_How to complete this task:_
Please copy every line below that contains the string "Copper".

(Entries taken from a collection)
· · · ·

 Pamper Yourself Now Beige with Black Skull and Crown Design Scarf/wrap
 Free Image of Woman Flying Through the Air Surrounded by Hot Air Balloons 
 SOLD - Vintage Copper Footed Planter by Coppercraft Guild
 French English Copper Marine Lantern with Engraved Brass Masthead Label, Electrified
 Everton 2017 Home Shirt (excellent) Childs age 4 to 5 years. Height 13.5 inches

· · · ·

_Finished exercise:_
 SOLD - Vintage Copper Footed Planter by Coppercraft Guild
 French English Copper Marine Lantern with Engraved Brass Masthead Label, Electrified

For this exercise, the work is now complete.